Compels require no Challenge. Once a Compel has been accepted, it becomes automatically true, generally a new Aspect if that’s interesting.
For players, Compels typically serve to alter the story and make their life easier. This is, often, how a character happens to already know a place or a story or a NPC. This is also, sometimes, how a group of adventurers hired to enter a dungeon and look for an artifact, happens to have already acquired the map of the dungeon – or possibly already beaten it – on their spare time, hence requiring the GM to adapt and improvise a new objective for the plot. Or maybe, for a Demi-goddess, this is how you just decide that a minor supervillain is no match for you, by simply Compelling your victory in hand-to-hand combat.
For the GM, Compels serve several objectives:
- they are a good way to introduce NPCs, factions, objects and tie them to the background of a PC;
- they are a good way to introduce new complications in the life of the heroes;
- they are a good way to make a PC do something that the player knows is stupide, but that makes entire sense in-story (recall that the player may refuse);
- when the heroes are running low on Sleeve Cards, it is a good mechanism to reload them.
Note for GMs: as a general guideline, if a player answers your narration by “Oh, no!” and then eagerly takes the Sleeve Card offered, your Compel was probably spot on!
Aspects may be Tricked
Oh, by the way, there is another way to use Sleeve Cards and Aspects, it’s called Tricking, and it helps you during Challenges, by letting you cover a card that you have just drawn or that your opponent has just drawn, with one of the cards up your Sleeve.
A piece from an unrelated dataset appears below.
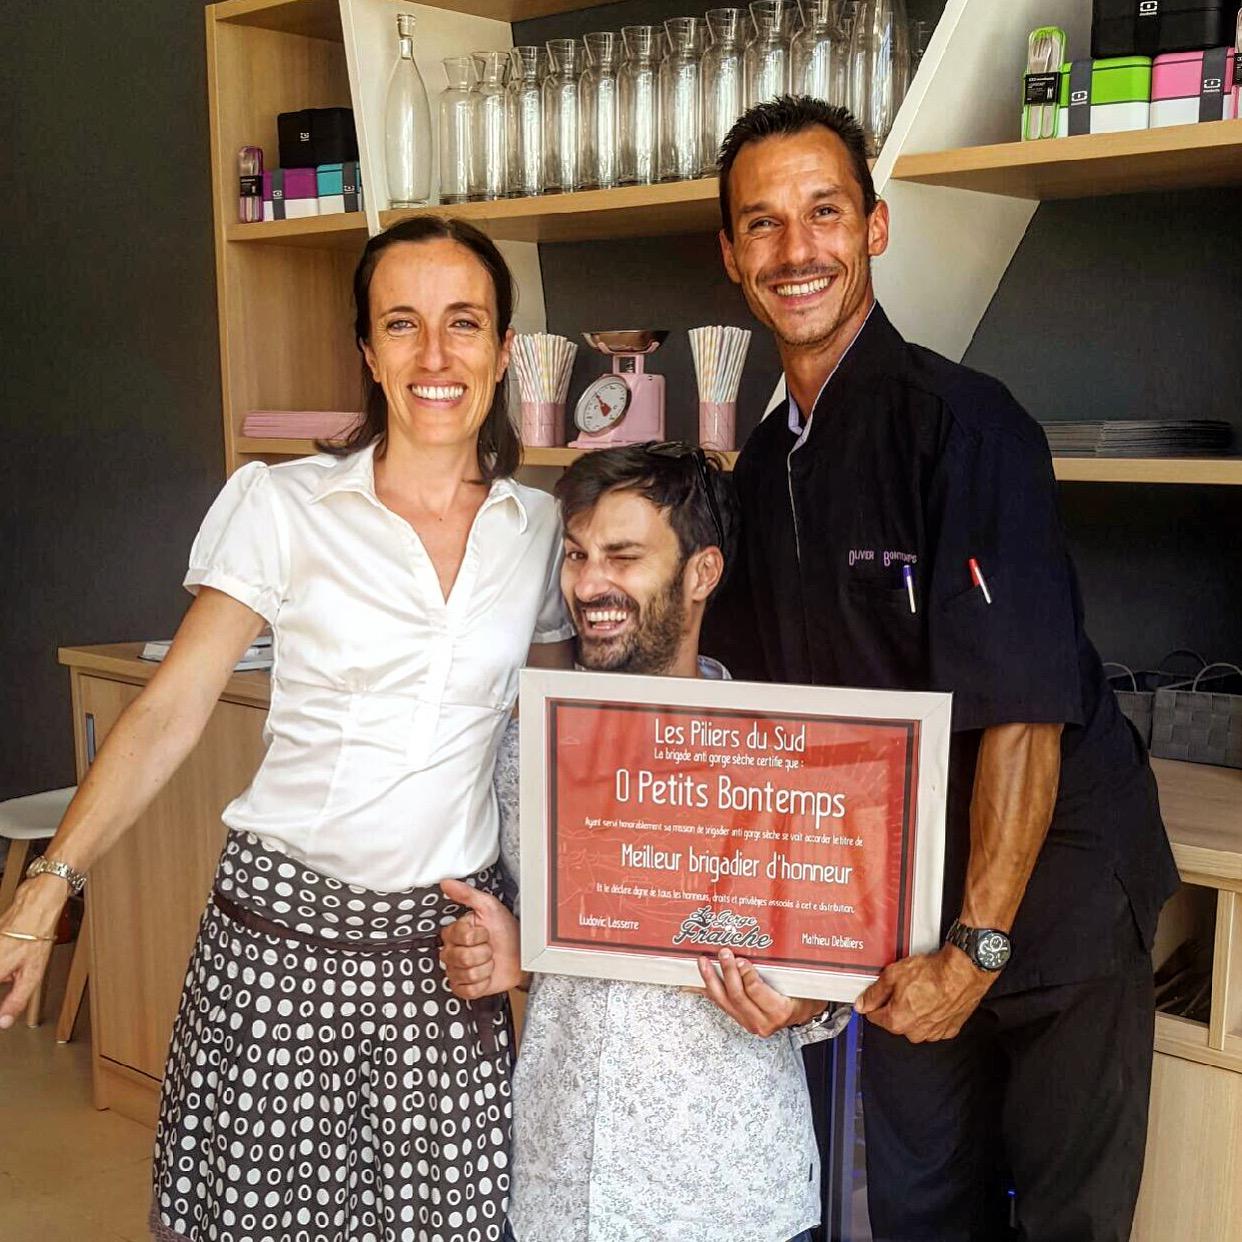 O Petits Bontemps, nouvelle brasserie à Béziers, est partenaire de la bière artisanale La Gorge Fraîc

- Pick the Aspect you wish to Trick. It could be one of your Aspects, or it could belong to your opponent, to the scene, etc.
- Pick one of your Sleeve Cards.
- Interpret the card you’re covering and narrate it as what you have just escaped.
- Interpret the card you’re using and narrate it as what ended up happening.
- Narrate how the Aspect saved you, or helped save you from the one to the other.
Note that the Challenge draws all cards at once. You may cover any (or all) of the cards after they have all been drawn. You can only use each Aspect once per Challenge.
This rule works both for the Players and the GM. However, for this use, the GM doesn’t have an unlimited Sleeve. The size of the Sleeve depends on the importance of the Challenge. We’ll discuss this in the chapter dedicated to setting up advanced Challenges.